* ACTIVITY *
Only one stretch of the listing below is wanted. Begin at the line that has "Стари фотоапарати Смяна 8, Зорки и Церто", stop after the line that has "la main de la", and repeat every line in between exactly.

* GIVEN ENTRIES *
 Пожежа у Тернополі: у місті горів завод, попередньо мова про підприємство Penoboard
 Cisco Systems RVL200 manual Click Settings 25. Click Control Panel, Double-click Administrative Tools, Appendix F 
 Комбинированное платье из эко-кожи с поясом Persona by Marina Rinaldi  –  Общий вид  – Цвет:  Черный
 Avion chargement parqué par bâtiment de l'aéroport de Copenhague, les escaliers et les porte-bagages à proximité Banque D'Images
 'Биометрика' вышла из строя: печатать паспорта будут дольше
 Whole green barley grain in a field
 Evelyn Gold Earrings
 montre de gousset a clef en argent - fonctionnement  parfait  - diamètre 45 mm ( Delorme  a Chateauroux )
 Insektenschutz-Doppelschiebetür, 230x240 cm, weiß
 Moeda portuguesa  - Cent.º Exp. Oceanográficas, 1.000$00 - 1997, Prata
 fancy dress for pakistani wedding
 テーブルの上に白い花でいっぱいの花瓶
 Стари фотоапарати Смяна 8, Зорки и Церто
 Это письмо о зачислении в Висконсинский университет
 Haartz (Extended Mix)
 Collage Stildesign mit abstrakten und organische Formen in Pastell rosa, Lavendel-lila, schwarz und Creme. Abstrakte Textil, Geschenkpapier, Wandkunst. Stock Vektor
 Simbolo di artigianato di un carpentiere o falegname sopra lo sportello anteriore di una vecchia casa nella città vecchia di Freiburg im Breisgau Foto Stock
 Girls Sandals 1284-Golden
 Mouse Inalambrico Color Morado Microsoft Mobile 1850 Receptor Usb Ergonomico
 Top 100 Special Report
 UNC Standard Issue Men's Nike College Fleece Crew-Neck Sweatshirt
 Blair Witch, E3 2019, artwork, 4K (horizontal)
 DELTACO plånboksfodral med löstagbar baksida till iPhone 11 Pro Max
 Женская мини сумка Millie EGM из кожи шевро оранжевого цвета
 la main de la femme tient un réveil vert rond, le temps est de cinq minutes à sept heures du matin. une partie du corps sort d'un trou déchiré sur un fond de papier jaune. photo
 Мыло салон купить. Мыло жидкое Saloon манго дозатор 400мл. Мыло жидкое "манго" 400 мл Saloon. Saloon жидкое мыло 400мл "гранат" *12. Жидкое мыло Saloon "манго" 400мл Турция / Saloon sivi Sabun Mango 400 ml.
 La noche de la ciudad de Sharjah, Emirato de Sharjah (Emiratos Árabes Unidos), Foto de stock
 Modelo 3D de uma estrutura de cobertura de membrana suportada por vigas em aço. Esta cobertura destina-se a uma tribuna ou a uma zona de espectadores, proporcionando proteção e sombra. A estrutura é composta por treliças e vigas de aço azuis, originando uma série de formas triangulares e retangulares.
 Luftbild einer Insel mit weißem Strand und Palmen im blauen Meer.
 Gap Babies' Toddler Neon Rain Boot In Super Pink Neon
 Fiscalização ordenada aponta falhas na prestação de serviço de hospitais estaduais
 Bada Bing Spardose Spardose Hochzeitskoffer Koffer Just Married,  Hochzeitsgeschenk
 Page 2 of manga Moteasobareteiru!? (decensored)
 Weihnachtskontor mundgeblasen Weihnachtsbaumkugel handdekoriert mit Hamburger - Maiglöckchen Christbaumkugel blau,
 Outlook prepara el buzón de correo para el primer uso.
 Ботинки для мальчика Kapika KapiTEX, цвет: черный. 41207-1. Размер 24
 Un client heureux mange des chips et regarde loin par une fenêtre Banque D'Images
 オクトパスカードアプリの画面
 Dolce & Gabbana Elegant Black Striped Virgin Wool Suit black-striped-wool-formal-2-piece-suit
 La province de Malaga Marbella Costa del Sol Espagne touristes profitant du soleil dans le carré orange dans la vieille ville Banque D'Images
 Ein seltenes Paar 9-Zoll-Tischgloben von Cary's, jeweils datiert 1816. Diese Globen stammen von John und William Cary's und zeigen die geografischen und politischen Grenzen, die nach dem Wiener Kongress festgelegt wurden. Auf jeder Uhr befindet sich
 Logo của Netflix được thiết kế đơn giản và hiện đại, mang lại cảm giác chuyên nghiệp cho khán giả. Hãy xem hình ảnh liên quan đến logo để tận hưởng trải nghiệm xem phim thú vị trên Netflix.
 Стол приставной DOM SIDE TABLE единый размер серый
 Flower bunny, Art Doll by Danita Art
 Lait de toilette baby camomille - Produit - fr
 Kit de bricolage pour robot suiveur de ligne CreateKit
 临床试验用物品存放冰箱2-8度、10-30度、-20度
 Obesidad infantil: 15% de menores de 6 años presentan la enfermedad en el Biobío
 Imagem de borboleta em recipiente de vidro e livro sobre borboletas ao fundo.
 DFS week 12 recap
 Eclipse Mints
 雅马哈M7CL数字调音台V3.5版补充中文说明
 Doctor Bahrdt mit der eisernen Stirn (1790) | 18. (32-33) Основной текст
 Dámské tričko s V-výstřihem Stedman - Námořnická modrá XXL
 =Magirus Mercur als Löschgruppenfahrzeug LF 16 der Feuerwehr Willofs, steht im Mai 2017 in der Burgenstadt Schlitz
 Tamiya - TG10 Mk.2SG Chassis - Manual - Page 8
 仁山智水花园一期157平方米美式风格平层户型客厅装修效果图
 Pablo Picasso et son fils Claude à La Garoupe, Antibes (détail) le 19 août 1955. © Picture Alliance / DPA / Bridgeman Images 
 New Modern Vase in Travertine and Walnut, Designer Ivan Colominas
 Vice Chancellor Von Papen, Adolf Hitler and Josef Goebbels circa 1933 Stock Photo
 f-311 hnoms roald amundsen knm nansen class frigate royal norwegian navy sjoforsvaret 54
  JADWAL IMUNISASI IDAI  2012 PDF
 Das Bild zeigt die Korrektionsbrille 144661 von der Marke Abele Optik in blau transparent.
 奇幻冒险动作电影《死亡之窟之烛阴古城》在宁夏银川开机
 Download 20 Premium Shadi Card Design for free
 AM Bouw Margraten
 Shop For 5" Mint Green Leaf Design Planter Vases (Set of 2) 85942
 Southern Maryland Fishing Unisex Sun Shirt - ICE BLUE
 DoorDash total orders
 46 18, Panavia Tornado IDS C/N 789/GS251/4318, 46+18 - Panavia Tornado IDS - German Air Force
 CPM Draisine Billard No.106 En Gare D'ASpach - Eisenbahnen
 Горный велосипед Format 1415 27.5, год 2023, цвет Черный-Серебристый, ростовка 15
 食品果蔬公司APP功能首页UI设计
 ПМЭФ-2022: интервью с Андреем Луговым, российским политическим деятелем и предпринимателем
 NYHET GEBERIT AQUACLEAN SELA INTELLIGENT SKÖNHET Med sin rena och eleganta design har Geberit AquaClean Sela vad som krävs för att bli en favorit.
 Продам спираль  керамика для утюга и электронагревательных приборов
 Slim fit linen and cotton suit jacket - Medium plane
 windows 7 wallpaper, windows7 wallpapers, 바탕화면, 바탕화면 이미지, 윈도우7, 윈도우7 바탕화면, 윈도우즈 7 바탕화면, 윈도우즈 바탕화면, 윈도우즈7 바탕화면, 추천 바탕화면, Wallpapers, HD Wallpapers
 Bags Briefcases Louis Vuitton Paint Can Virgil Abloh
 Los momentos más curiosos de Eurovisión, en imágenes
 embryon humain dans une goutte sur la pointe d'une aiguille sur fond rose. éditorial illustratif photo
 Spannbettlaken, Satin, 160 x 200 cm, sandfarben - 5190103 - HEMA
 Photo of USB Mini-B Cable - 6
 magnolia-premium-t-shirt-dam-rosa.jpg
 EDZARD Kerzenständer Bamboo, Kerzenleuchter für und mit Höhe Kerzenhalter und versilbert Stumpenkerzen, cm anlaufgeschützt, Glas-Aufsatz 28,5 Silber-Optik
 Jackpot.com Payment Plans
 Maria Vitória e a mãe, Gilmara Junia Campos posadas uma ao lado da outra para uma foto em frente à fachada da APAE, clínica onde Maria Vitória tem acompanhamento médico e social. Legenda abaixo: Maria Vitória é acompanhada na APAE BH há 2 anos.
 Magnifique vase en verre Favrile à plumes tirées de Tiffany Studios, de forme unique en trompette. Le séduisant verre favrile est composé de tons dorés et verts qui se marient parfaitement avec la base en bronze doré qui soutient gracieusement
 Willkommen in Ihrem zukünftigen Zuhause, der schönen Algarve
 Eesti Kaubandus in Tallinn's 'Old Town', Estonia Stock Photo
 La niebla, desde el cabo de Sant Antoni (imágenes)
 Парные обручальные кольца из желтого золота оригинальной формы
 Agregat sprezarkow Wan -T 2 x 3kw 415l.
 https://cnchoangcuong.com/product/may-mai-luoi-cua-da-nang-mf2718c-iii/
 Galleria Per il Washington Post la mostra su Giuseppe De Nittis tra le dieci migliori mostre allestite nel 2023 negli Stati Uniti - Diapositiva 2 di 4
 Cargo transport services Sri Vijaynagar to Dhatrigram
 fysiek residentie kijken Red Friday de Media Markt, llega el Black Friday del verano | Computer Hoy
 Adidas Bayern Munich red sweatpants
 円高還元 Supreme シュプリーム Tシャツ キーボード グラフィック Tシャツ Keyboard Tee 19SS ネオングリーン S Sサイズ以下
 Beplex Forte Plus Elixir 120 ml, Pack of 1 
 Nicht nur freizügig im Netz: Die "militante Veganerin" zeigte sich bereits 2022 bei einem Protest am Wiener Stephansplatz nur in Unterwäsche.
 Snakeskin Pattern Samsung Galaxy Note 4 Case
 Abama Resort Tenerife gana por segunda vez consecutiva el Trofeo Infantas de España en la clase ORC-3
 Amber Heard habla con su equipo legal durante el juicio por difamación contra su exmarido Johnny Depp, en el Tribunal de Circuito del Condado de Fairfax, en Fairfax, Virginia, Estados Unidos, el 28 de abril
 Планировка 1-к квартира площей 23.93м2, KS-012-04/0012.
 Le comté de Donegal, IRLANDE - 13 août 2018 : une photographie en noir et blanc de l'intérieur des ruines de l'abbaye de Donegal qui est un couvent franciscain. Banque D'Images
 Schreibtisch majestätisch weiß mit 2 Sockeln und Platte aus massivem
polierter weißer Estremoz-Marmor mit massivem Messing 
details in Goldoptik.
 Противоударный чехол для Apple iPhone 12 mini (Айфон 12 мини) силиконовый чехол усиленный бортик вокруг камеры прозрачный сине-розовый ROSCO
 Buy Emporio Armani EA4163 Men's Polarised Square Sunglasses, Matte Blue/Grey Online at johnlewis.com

* THE COMPLETED TASK *
 Стари фотоапарати Смяна 8, Зорки и Церто
 Это письмо о зачислении в Висконсинский университет
 Haartz (Extended Mix)
 Collage Stildesign mit abstrakten und organische Formen in Pastell rosa, Lavendel-lila, schwarz und Creme. Abstrakte Textil, Geschenkpapier, Wandkunst. Stock Vektor
 Simbolo di artigianato di un carpentiere o falegname sopra lo sportello anteriore di una vecchia casa nella città vecchia di Freiburg im Breisgau Foto Stock
 Girls Sandals 1284-Golden
 Mouse Inalambrico Color Morado Microsoft Mobile 1850 Receptor Usb Ergonomico
 Top 100 Special Report
 UNC Standard Issue Men's Nike College Fleece Crew-Neck Sweatshirt
 Blair Witch, E3 2019, artwork, 4K (horizontal)
 DELTACO plånboksfodral med löstagbar baksida till iPhone 11 Pro Max
 Женская мини сумка Millie EGM из кожи шевро оранжевого цвета
 la main de la femme tient un réveil vert rond, le temps est de cinq minutes à sept heures du matin. une partie du corps sort d'un trou déchiré sur un fond de papier jaune. photo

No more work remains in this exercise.